Still, there’s plenty to speculate about here. Listening to TM104, there’s no pervading sense of finality or fatigue. If anything, Jeezy’s going as hard as ever, aggressive on “Look Like” and “Don’t Forget,” braggadocious on “Mr. Pyrex” and “06” with Rick Ross. The album’s first single, “1 Time” puts him right back in the kitchen to boast of his water whipping skills, so credible that one might assume he could be back at it tomorrow if need be.
The way he tells it, though, after four installments in what he considers a unique kind of self-help series, he’s essentially finished spitting trap inspirationals. Likening the first three to action movies, Jeezy sees TM104 as their documentary counterpart. “This is the real story of the guy that you’ve seen so much of the glamour and glitz,” he says, referring to himself briefly in the third person. “Let me take you into what his mind is, what he really went through, how hard it was.” Even for an artist who named his 2014 album The Autobiography, he sees TM104 as necessary for adequately telling his truth. “I wanted to go back to the essence of who I am, to remind myself that I am who I am because I went through these things.”

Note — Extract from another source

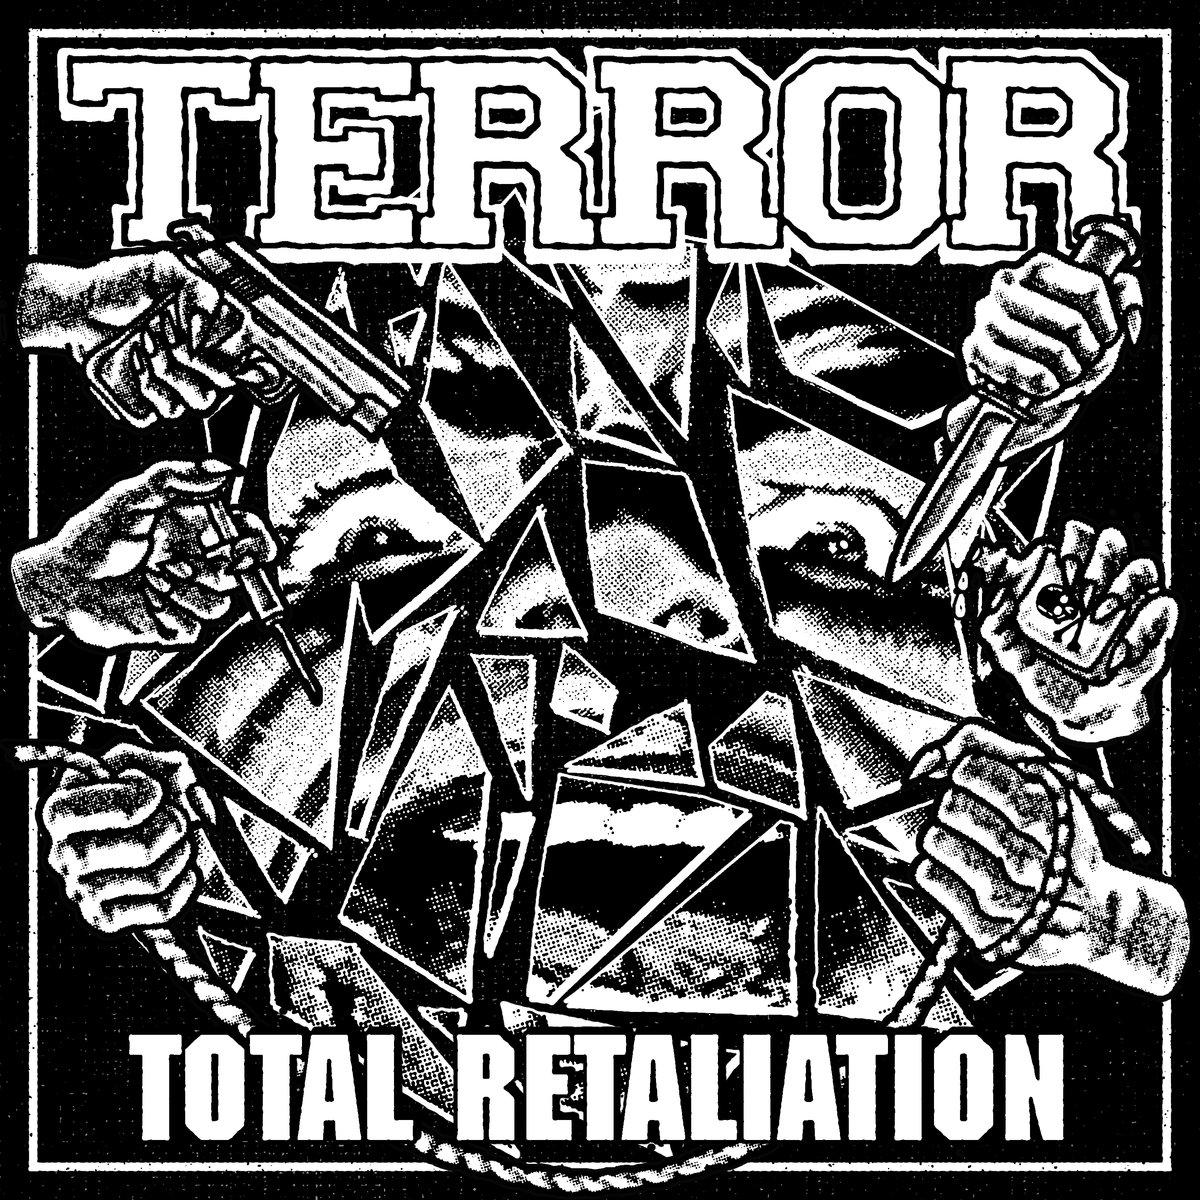 TERROR / Total Retaliation

Beyond any creative self-fulfillment, Jeezy simply has a lot more on his plate now than when he first made that initial transition between trapping and rapping. His entrepreneurial portfolio extends far beyond music, from established stakes in Atlanta area real estate properties and dining establishments to ventures involving performance water, premium brand spirits, and, most recently, telecommunications. On paper, the streaming model that defines the modern music industry makes the impressive chart entries for his albums less lucrative than they once were. To that point, however, he recently secured ownership of his masters, something he previously ceded as part of that initial Def Jam deal.

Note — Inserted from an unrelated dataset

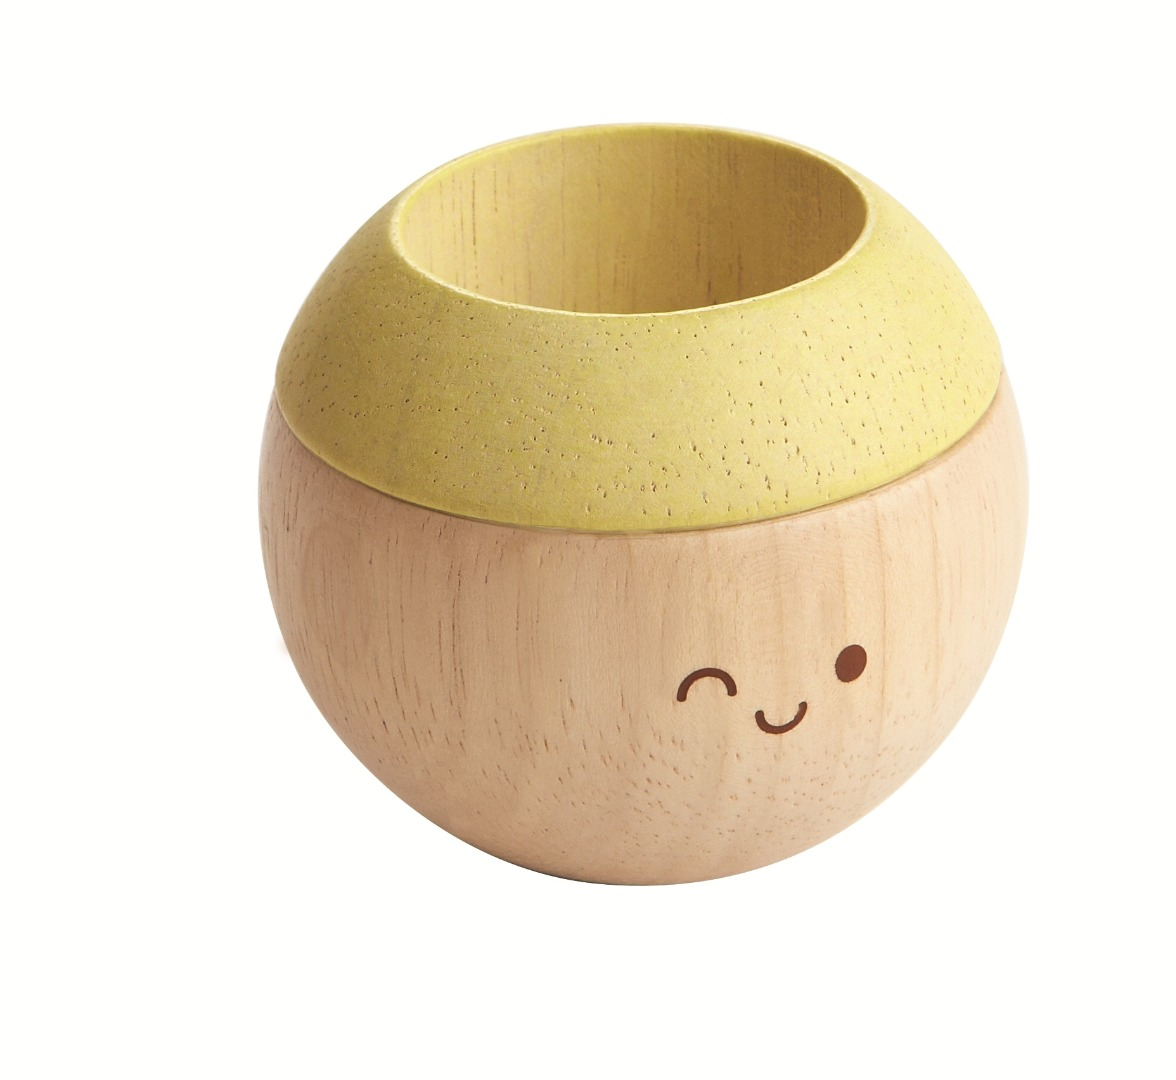 PlanToys Fühlspass Sensorig Spielzeug 6

There’s something next level about an artist owning their catalog. Jay-Z, 2 Chainz, and Frank Ocean all do, and it gives them more than just clout—it gives them control. From the jump, Jeezy had his eyes on that proverbial prize. “I knew in the back of my mind I was going to work every day relentlessly to obtain my masters back once I was in that position,” he says. “That was always the goal for me.”
To that end, he leveraged his track record of success for Def Jam as well as the insider industry knowledge he’d obtained during his time as a senior vice president of A&R at Atlantic Records, a relationship-building role that gave him access to other executives. “As I started learning the business, certain things stuck out to me that needed to happen in order for me to feel like I did my due diligence for myself and my team,” he says. Before long, he floated the idea of buying his masters back with his lawyers, getting a sense of the potential costs and factoring in the terms of his existing Def Jam contract, including the number of albums left in that original deal. “I was basically holding my music ransom,” he adds, a negotiation tactic that left his fans without a new album for nearly two years.
Now that Jeezy owns his Def Jam discography outright, he’s presented with an opportunity to give this part of his life some closure. “I think this is the graduation,” he says of TM104 but also, by extension, its significance in his catalog of songs designed to galvanize the streets and, quite literally, motivate thugs. “I wanted to show them that this is how it’s done.”
If this does happen to be Jeezy’s final album, his last word in the format that he’s thrived with all these years, he won’t be mad about it. “I did everything in my power to be great,” he says. “I would go to sleep at night knowing that I put in work.”